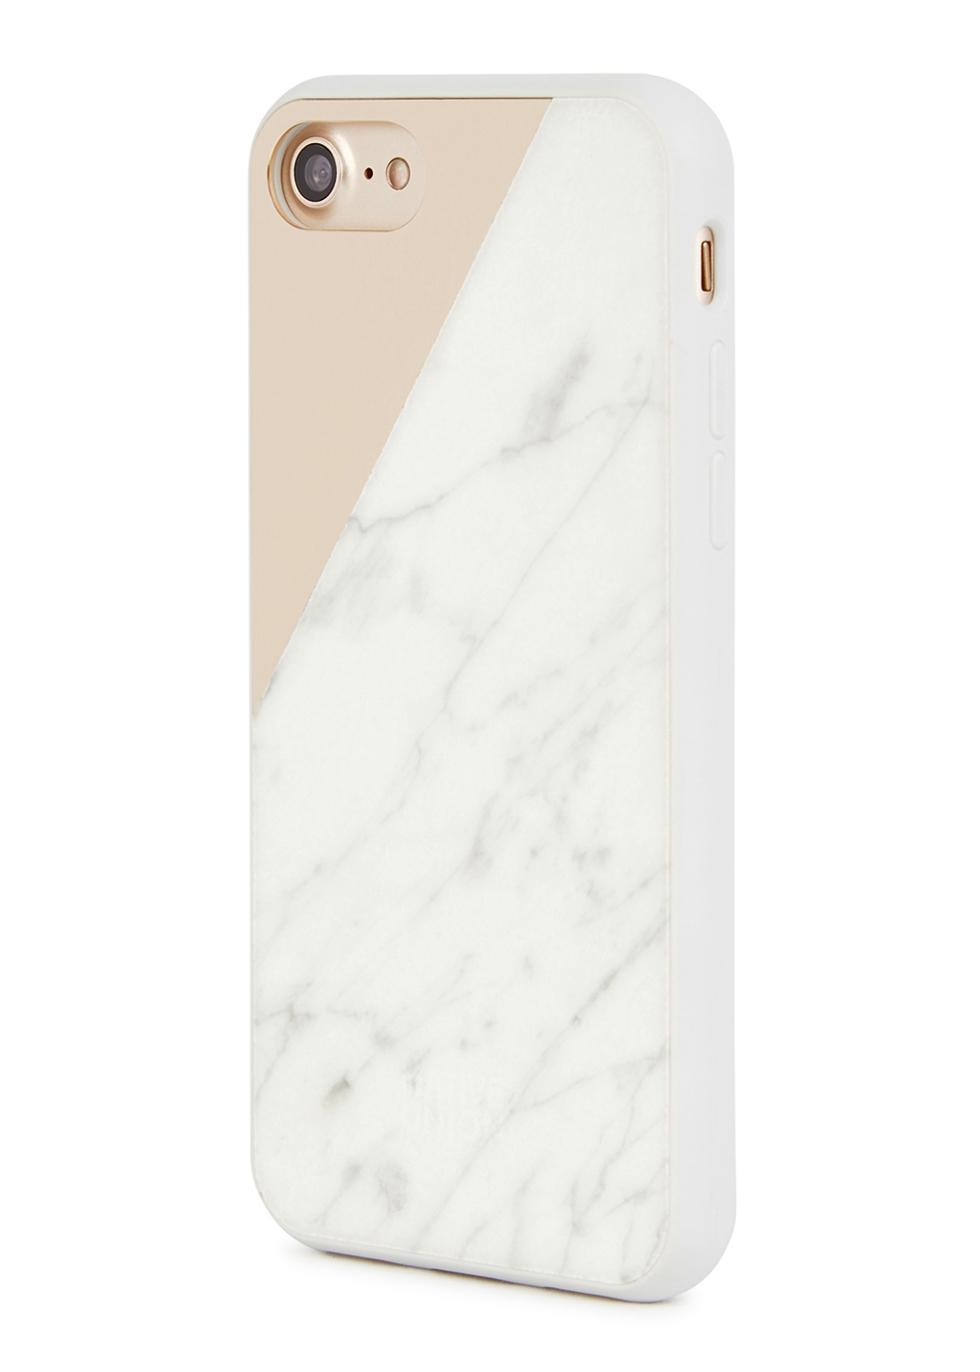 CLIC Marble iPhone 7 case - Native Union
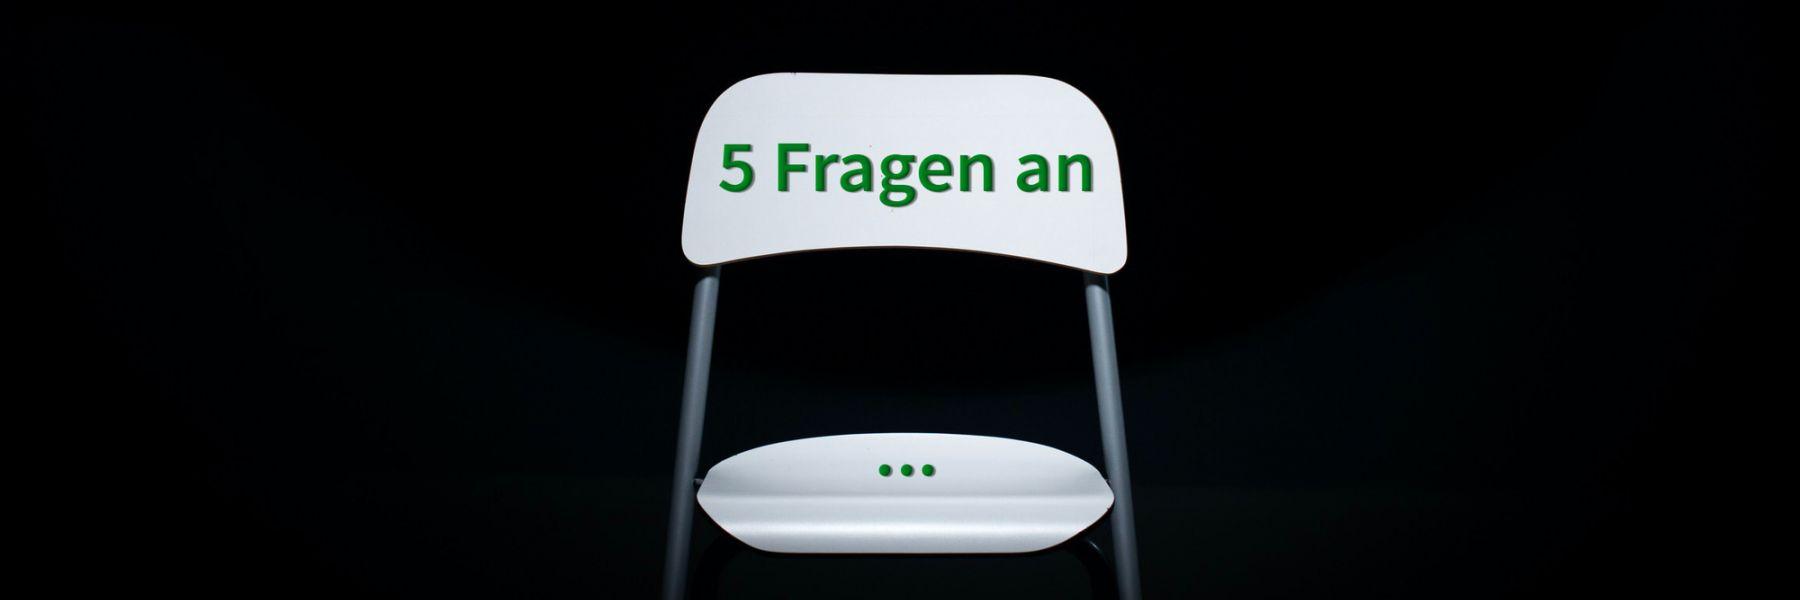 5 Fragen an : Christoph Woesler, Heidelberger Druckmaschinen AG
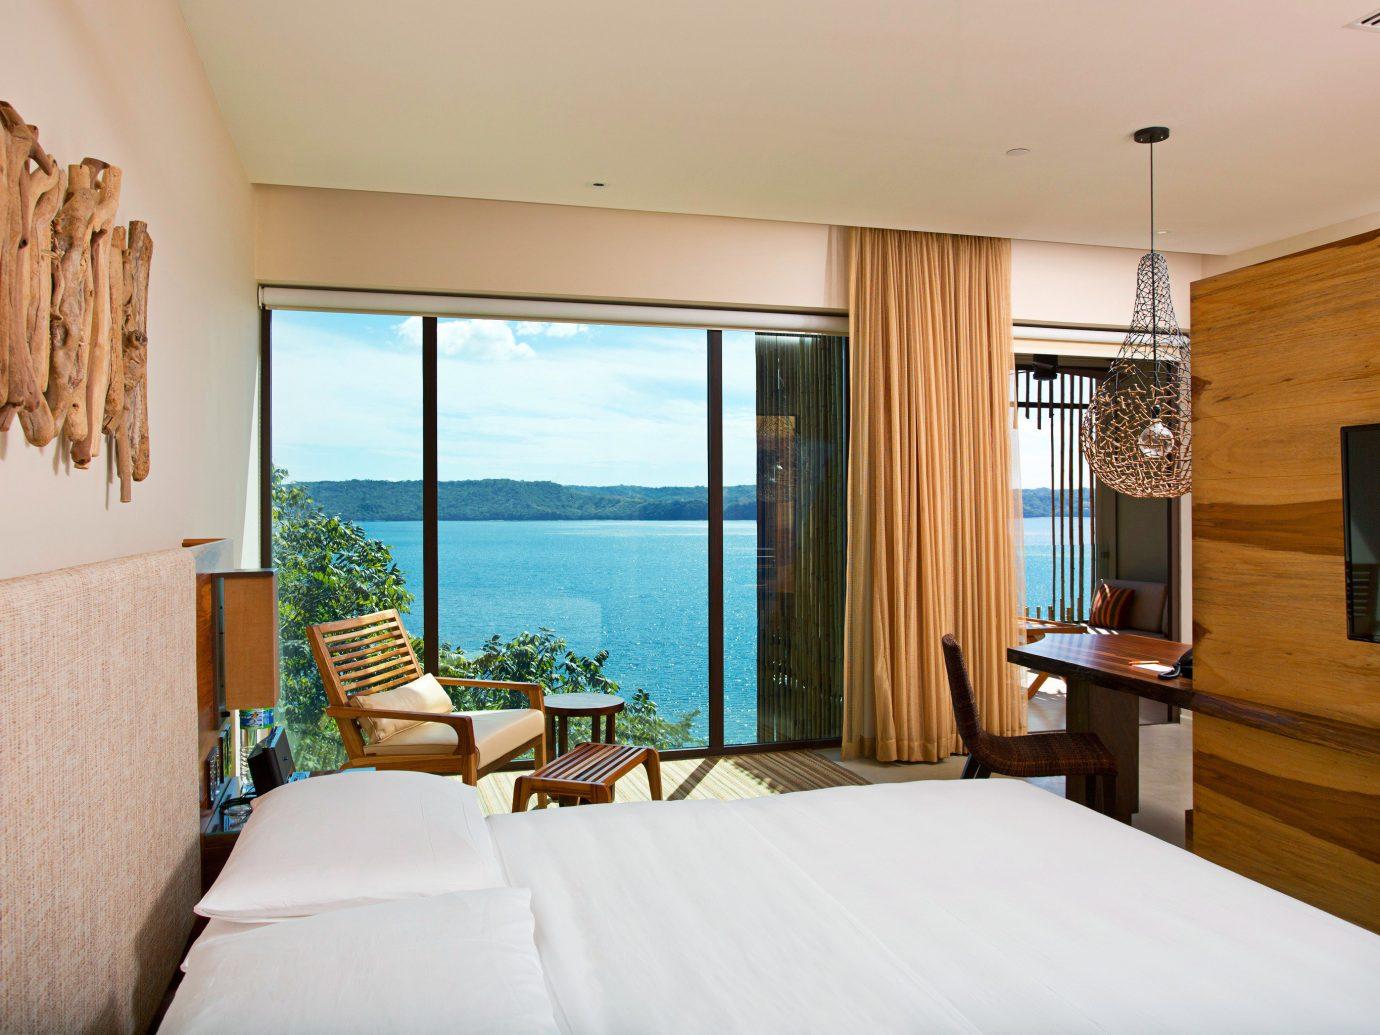 Bedroom At Andaz Hotel Papagayo In Costa Rica
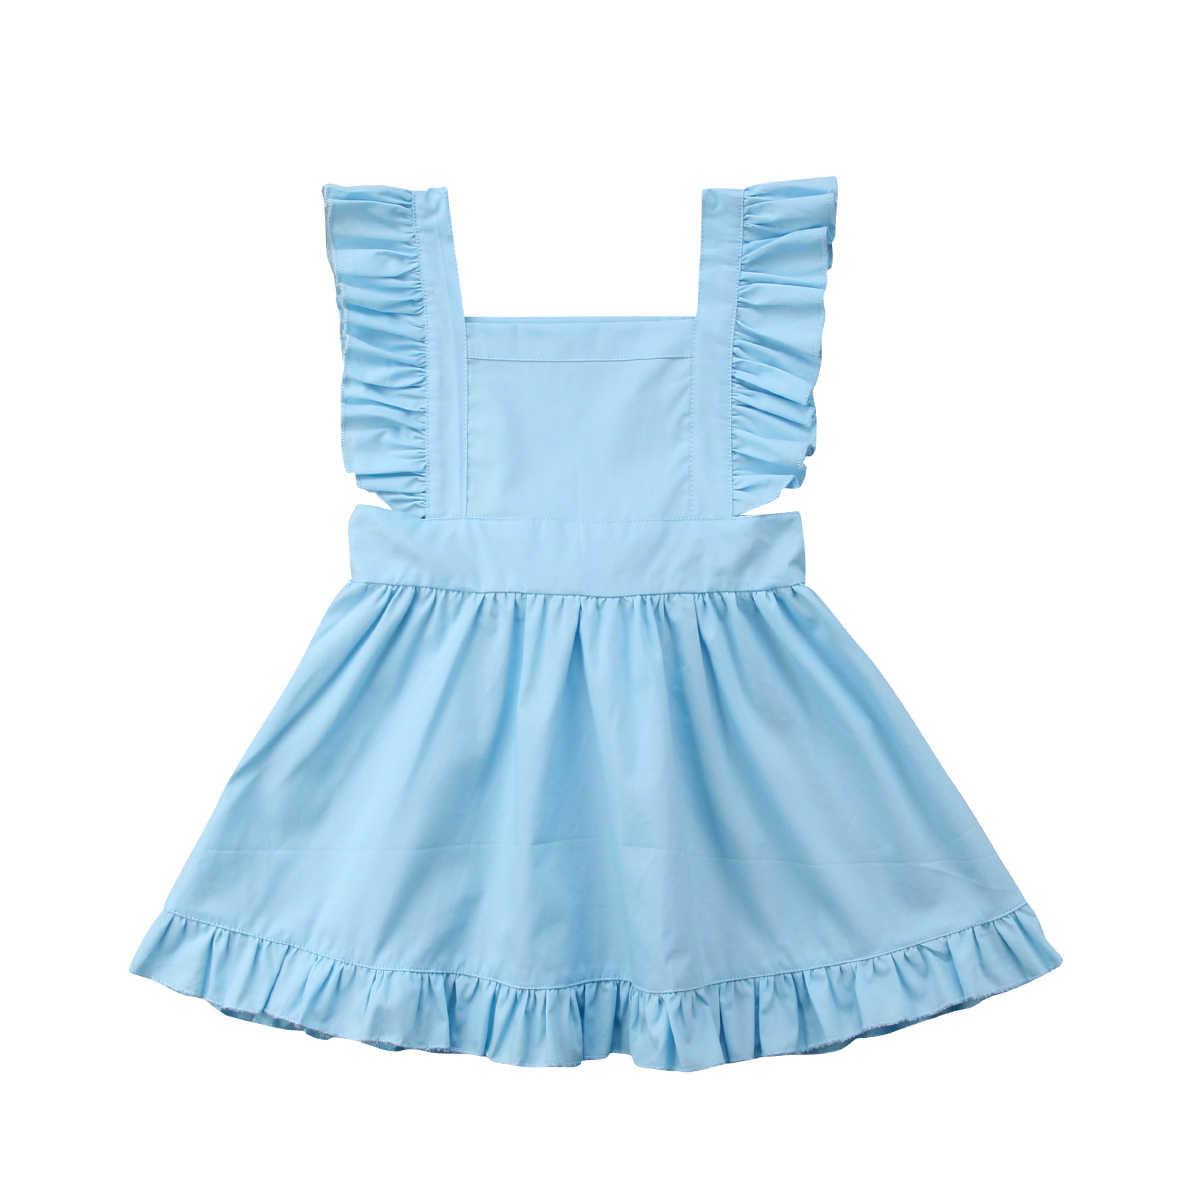 1e903e9f93a 0-5Y Newborn Infant Kids Baby Girl Summer Blue Tutu Dress Princess Party  Wedding Bowknot

============================================================

Once the line with "5 Fragen an" is found, output it and every line after it through the end of the listing, exactly, without pictures.

Solution below
 5 Fragen an : Christoph Woesler, Heidelberger Druckmaschinen AG
 Bedroom At Andaz Hotel Papagayo In Costa Rica
 1e903e9f93a 0-5Y Newborn Infant Kids Baby Girl Summer Blue Tutu Dress Princess Party  Wedding Bowknot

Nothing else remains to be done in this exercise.